Até mesmo os ambientes escultóricos mais amplamente abrangentes de Carlos Nogueira compartilham um certo sentimento de contenção, intimidade e generosidade de espírito. Não se baseiam nem numa noção de liberdade absoluta, nem numa noção de sujeição absoluta. Perante eles, é-se, sim, estimulado brandamente a encarar modos alternativos de abordar tanto o mundo visível como o invisível. Apesar dos meses de cuidadoso planeamento e meticulosa execução destas diversas obras de arte, elas deixam-nos livres para as apreciarmos em termos que o autor não controla inteiramente. Ao fazê-lo, porém, temos consciência de que já deu o melhor do seu esforço para garantir que o nosso total empenhamento em fruir em plenitude da visão das suas obras será amplamente recompensado.

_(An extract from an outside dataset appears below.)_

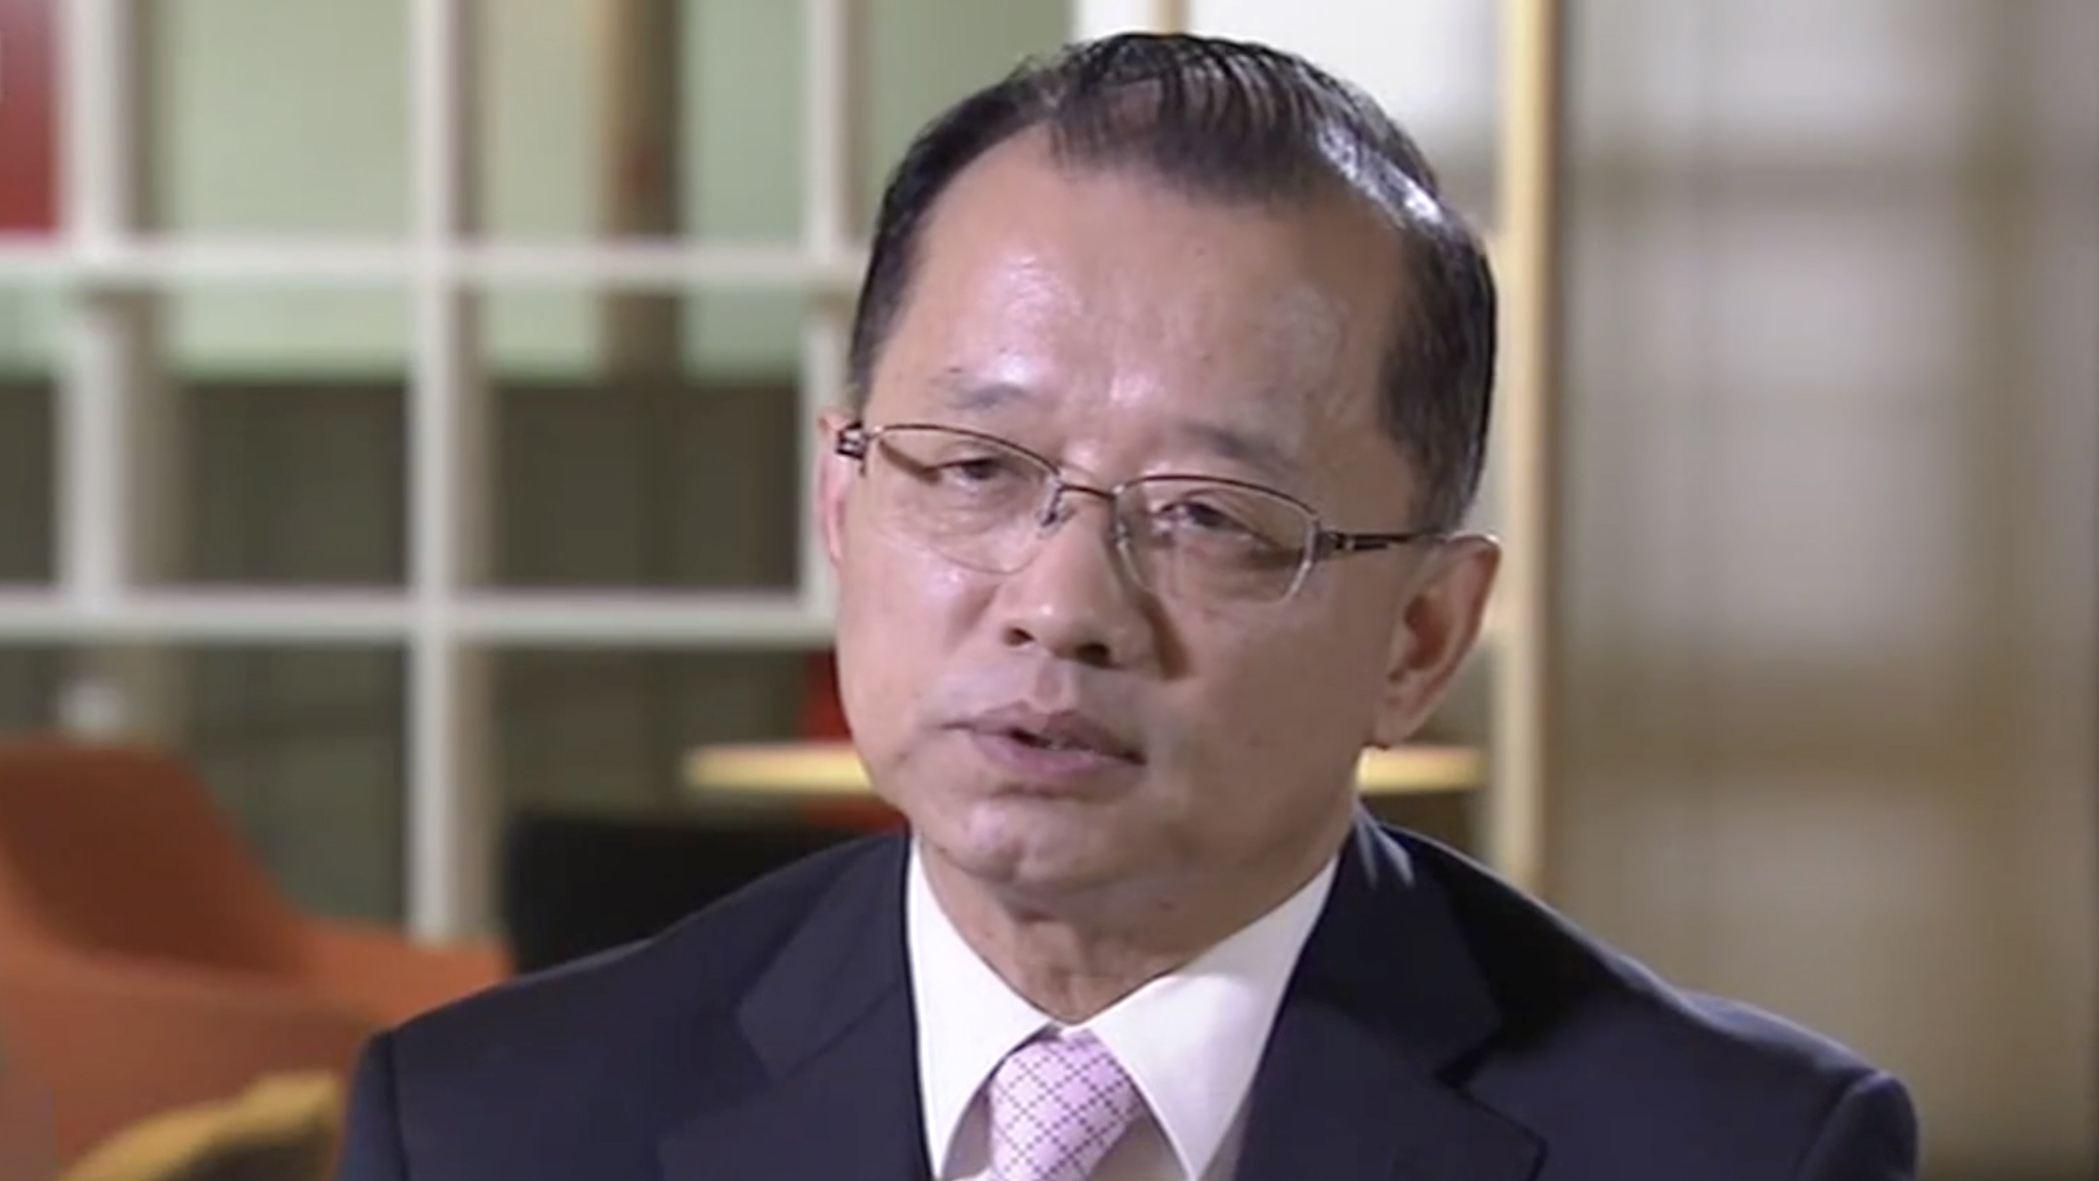 Liao Qun, chief economist of China Citic Bank. [Screenshot: CGTN]

(1) Todas as citações se reportam a uma conversa tida com o artista na Fundação Calouste Gulbenkian em Maio de 2002.
(2) Ver Caoimhín Mac Giolla Léith, «Wherever the edge may be: Works by Carlos Nogueira», beyond the very edge of the earth (catálogo da exposição), Londres, 1998.

In Carlos Nogueira, a ver, Lisboa, Fundação Calouste Gulbenkian, 2002, p. 27-37.